After the excitement of last week; birthday week, a Thursday birthday and a weekend spent in spaaaa bliss, everything else feels a bit...flat. Sometimes it's hard to re-motivate after a crescendo of activity and planning and chatter and fun. But life is about finding joy in the everyday, in the little things. Being mindful. Seeking out happiness.
Three days and nights of enforced relaxation is a bit strange though with everyone (me) glued to technology and social media and keeping up with keeping up. But I enjoyed the time away from my computer, from home, from housework and from 'normal life' because it creates the space to decompress and just be.
Husband and I stayed in a lovely four-poster room at Airth Castle Spa Hotel in Stirlingshire, Scotland, and battened down the hatches against the cold and rain and wind and snow. There were also many moments of beautiful sunshine, as seen above.
We had robes and slippers and we made full use of them in the spa. I swam and sat in the Jacuzzi pool and closed my eyes in the sauna to fully immerse in the beautiful, aromatic scent of wood and heat. And then I took a cold shower because it got so hot!
Drinking in the afternoon and cocktails before dinner and candle-lit dinners were the order of the day.
Breakfasts consisted of watermelon and continental cheeses and croissants and pots of tea. One snoozy afternoon I succumbed to two enormous hot chocolates bubbling over with marshmallows. After dinner on the first night I enjoyed the divine art of a Calypso coffee.
I had two spa treatments in the Elemis spa followed by green tea with lemon and then reading by the pool.

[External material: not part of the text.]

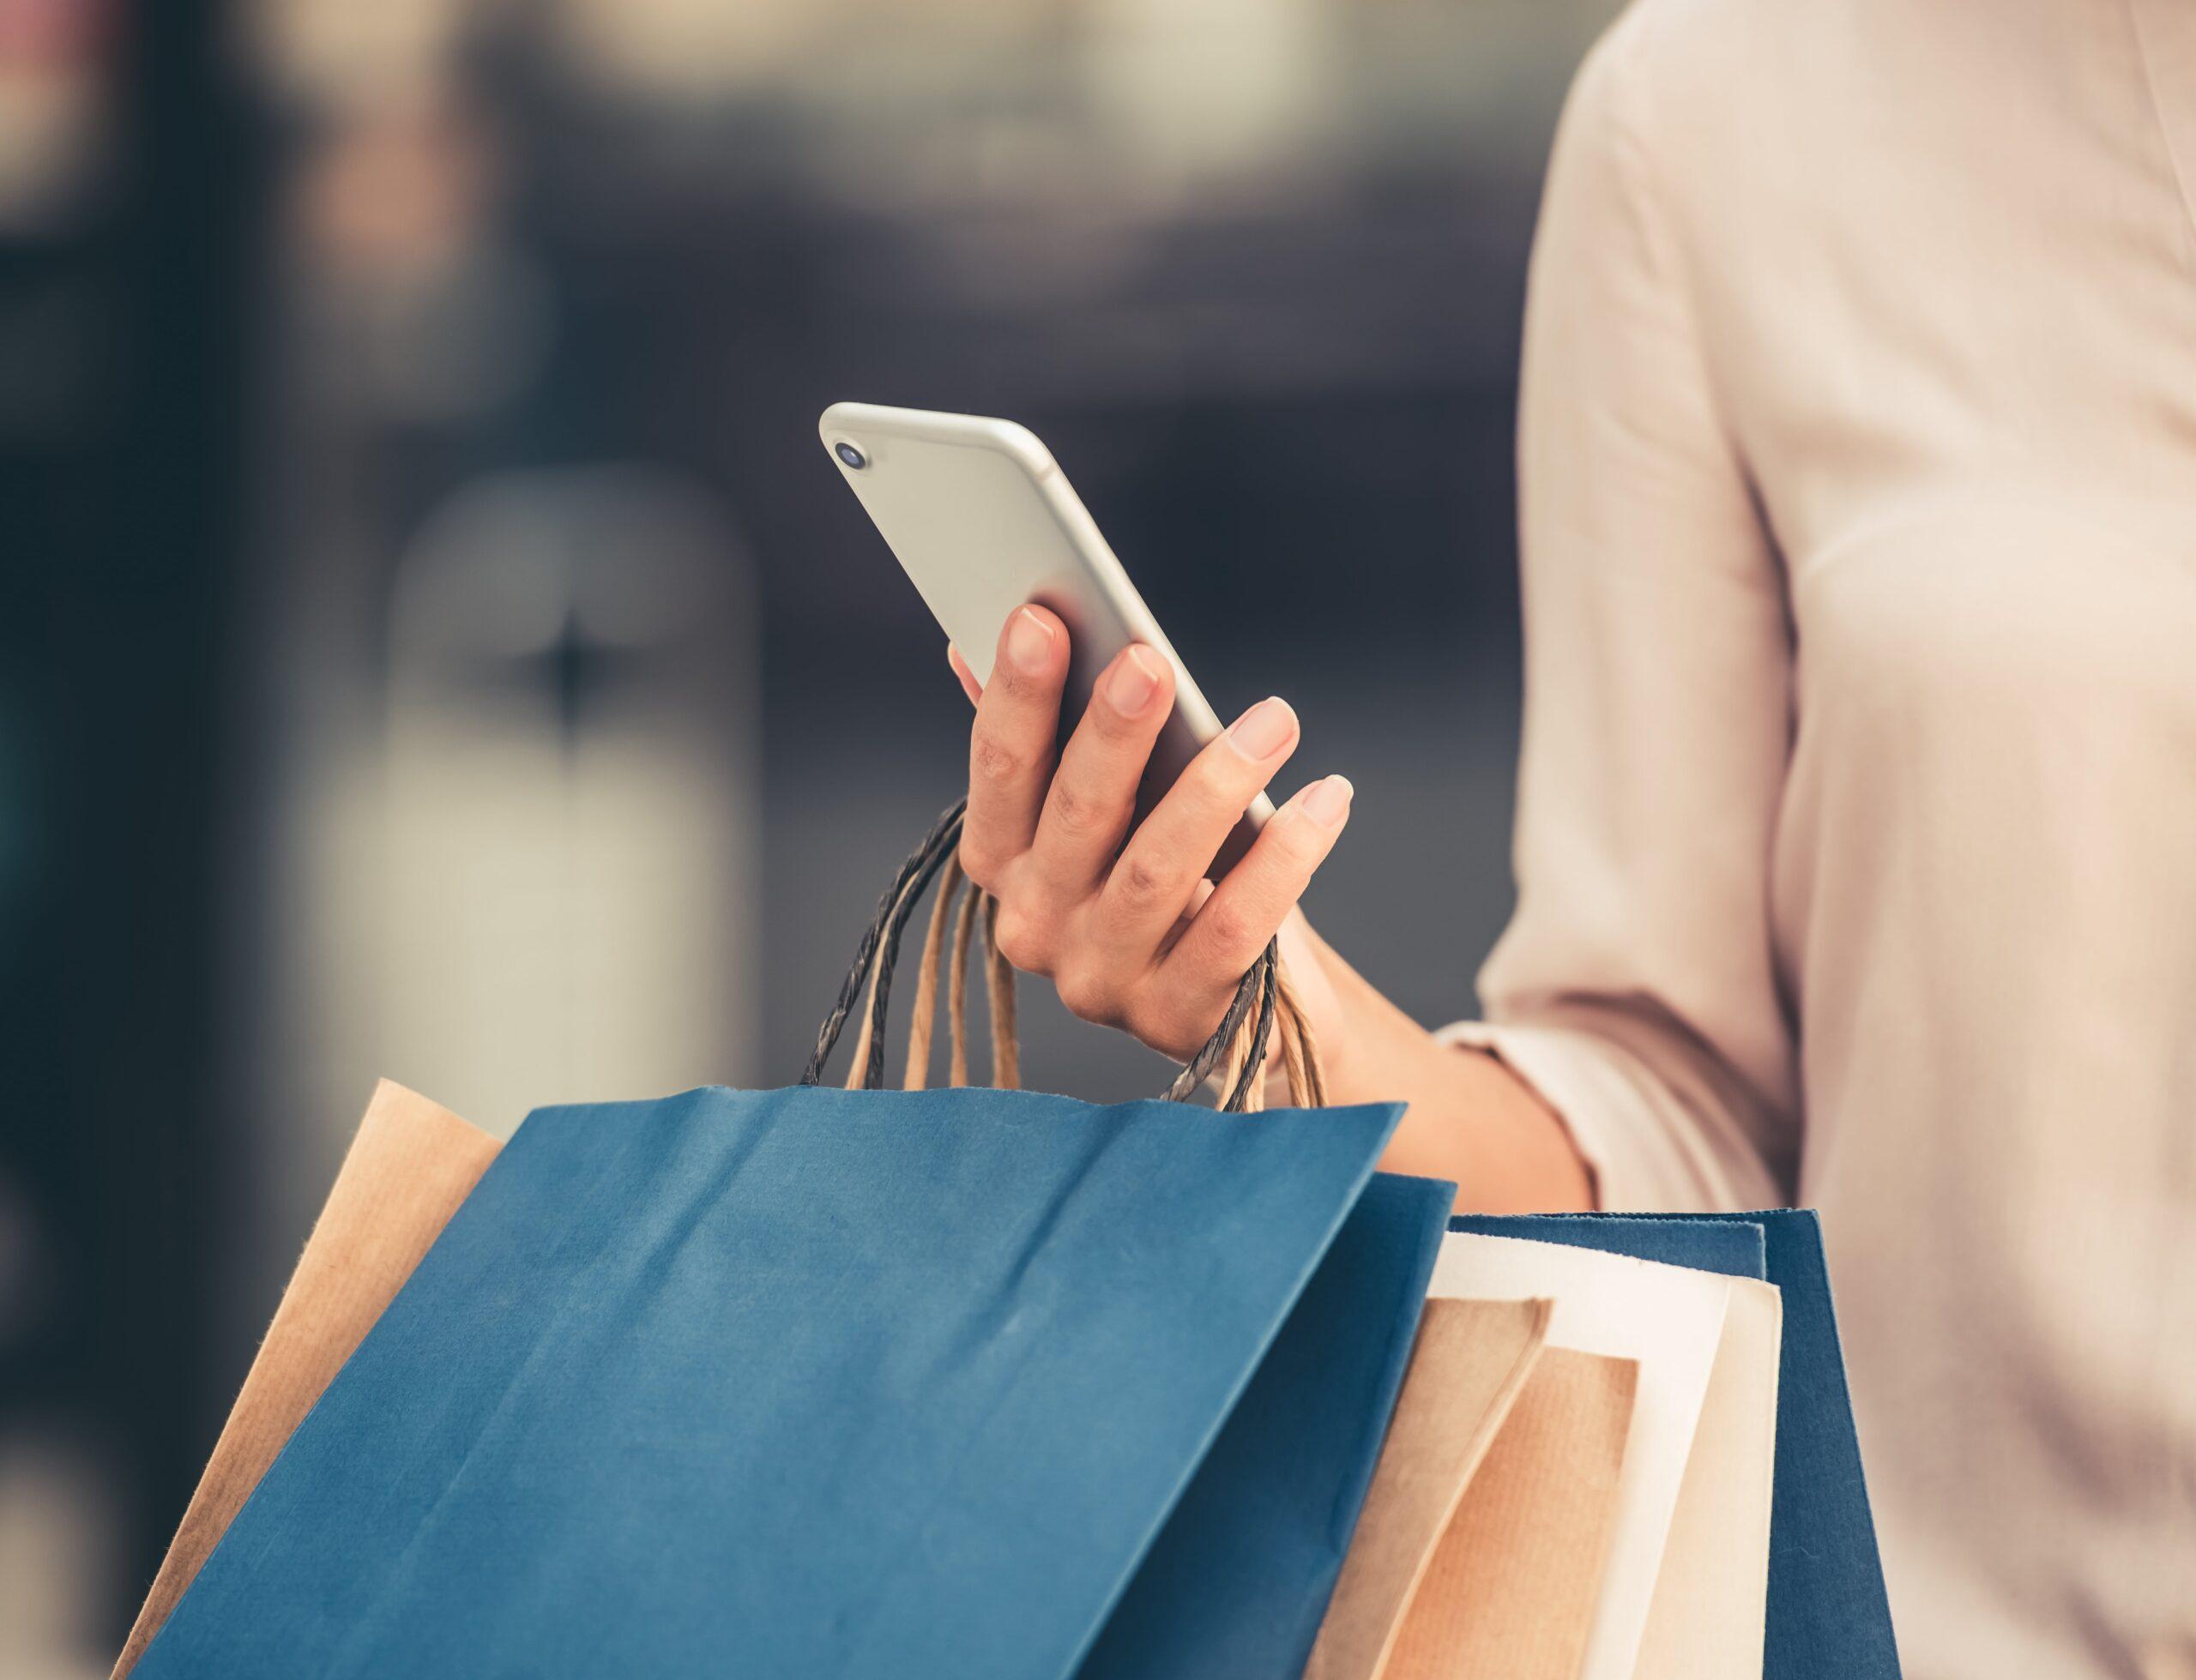 Consumi-shopping-onlife-altavia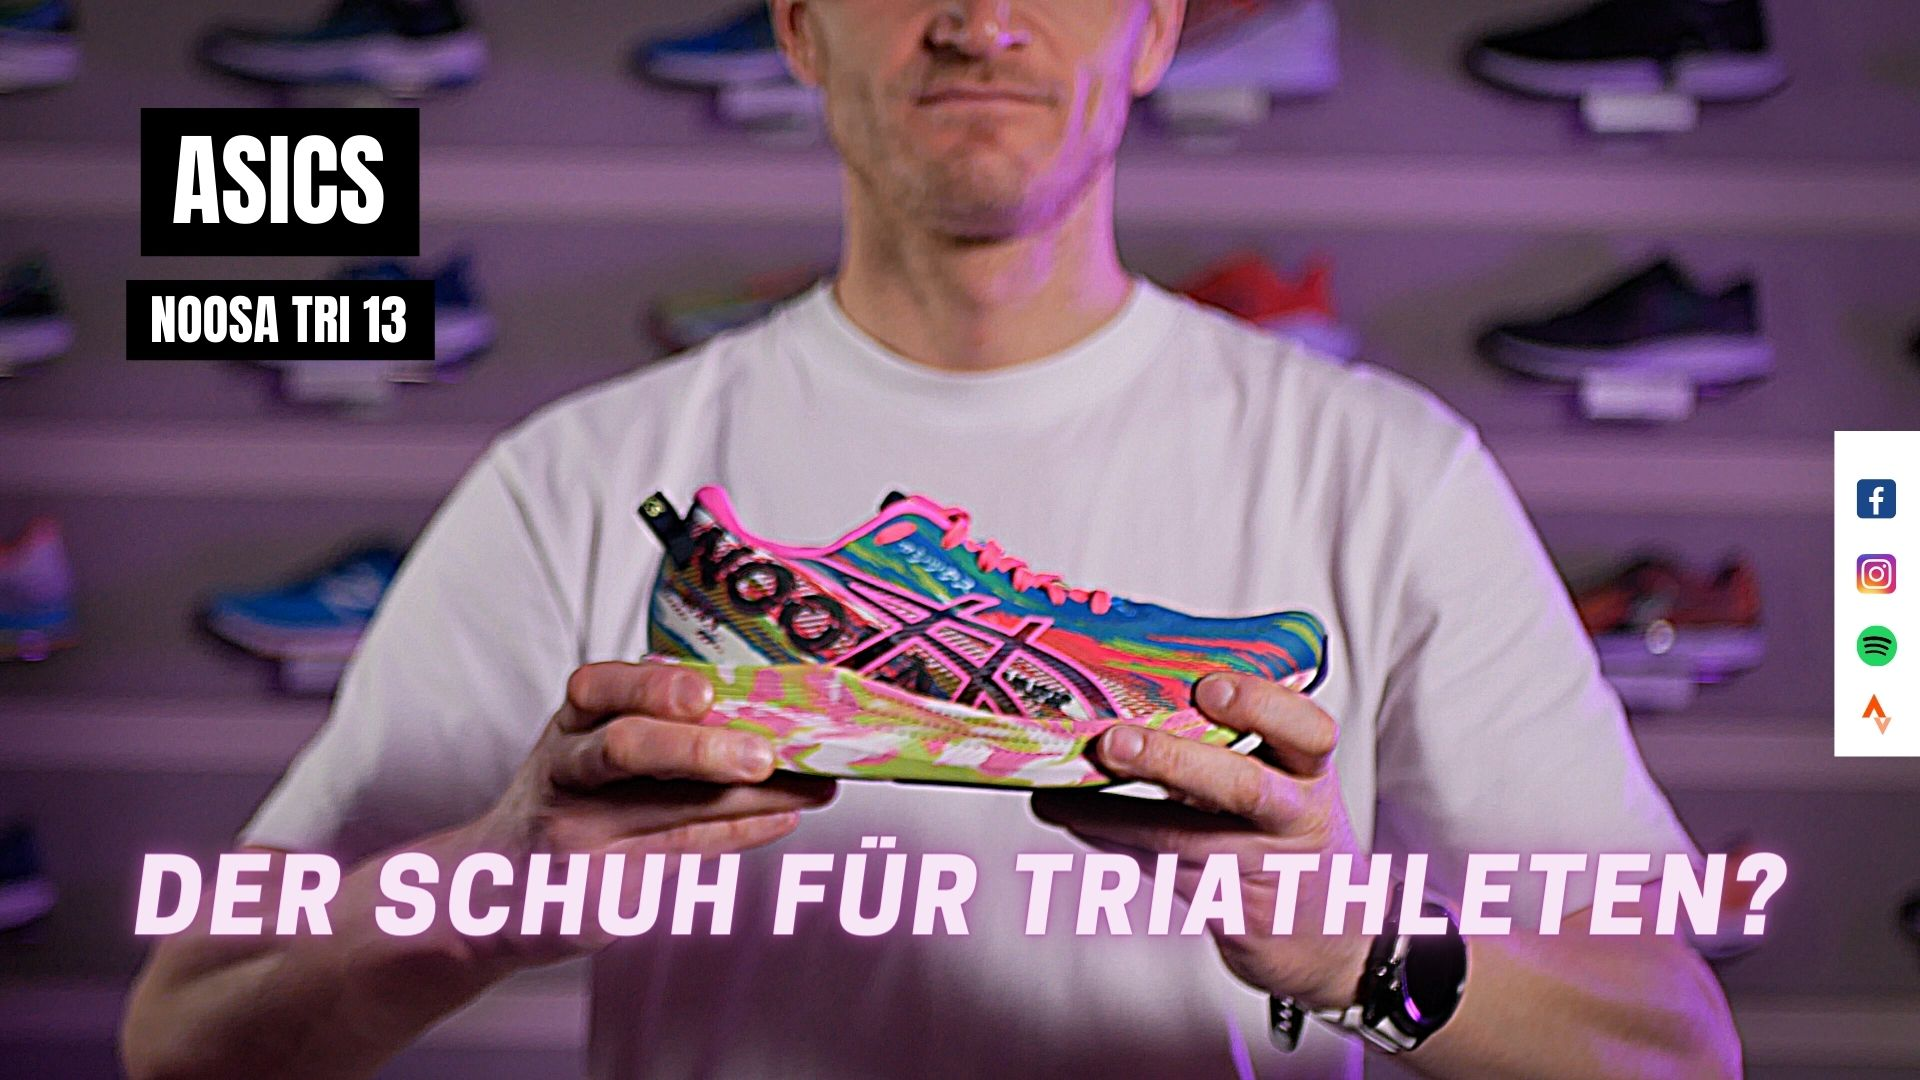 Laufschuh Test: Asics Noosa 13 (German | Deutsch)

I read magazines in the daytime that I hadn't had time for before. It felt super-indulgent. On Sunday, after all that relaxation, I got into bed with my clothes on for a nap and it felt amazing.
Crisp white hotel sheets and the decadence of a daytime nap.
I slept for hours - all part of the detoxing and unwinding process.
And then (this would never happen at home), we put the TV on and the afternoon film was about to start - James Bond 'View to a Kill' - so we lay and watched it, wrapped up in a time-warp away from the world of 'things to do'. I enjoyed watching Grace Jones whip about as one of the villains with her strong outfits and chiseled angles. And then I was tired again. We skipped dinner and I fell asleep between 7 and 8pm. What? This is unheard of. I must have needed it.
I'd set my alarm clock for early the next morning so we could have a swim and a last blast in the sauna and the steam room before breakfast and check-out. We had the spa area to ourselves and the water temperature in the pool was perfect. I savoured another solo trip to the sauna and thought of Helsinki.
By 9am the snow was swirling down and it made the fact we were in a castle even more romantic and exciting. A castle in Scotland in the snow!
We were home in no time, but it was exhausting being out of the spa environment. I call this a 'spa hangover'. A 'spa-over'.
I gave into it and continued reading, not stopping until I'd finished my book (Jo Nesbo page-turning Scandi-noir). It felt like I'd tricked time somehow because I would never normally do anything so decadent on a Monday afternoon (though it did feel like a Sunday.)
On Tuesday I got back to normal and posted up my latest photography experiments. But then I was so sad to hear from family in Cape Town about the fires sweeping through the southern peninsula. Some of the images looked so surreal they could almost be described as beautiful if it weren't for the damage they spoke of. I think the worst is over but the devastation is still to be quantified.
Reading the names of the places involved took me right back to the stories that my Nana used to tell me of growing up there; of Muizenberg and Kalk Bay and Hout Bay. I must write that story.
On Wednesday I was ready for another adventure and ended up out for lunch and dinner and a welcome trip to the Kadampa meditation centre for midweek meditation. I always leave feeling so relaxed.
Breathe in glorious, positive bright white light, breathe out thoughts and worries in the form of black smoke.
So simple yet so powerful.
On Thursday I couldn't believe it had been a week since my birthday.
I worked on my book (#amwriting) and did some knitting and scrapbooking and thought about Spring coming, now, on its way. New life sprouting up in the garden. Daffodils and tulips and greenery getting greener. Nature quietly working away.
Today, well today I'm feeling a bit like a jellyfish again. All discombobulated from strange, intricate dreams and perhaps too much sleep and time is sliding quietly sideways.
And in many respects my first week of being 34 has been just a normal week. Boring, almost. No love letter left for a stranger, no influx of birthday messages. But then that's the ebb and flow of life. And it's often the small things, the tiny, insignificant details of life that make it into something significant.
A vast experience of little moments that add up to much more than the sum of their parts. Thoughts and feelings and emotions that boil up together into an exotic brew like George's marvellous medicine for everyday with pockets of surprise and serendipity and magic.
What's going to happen next? Who knows, but I plan to enjoy every second.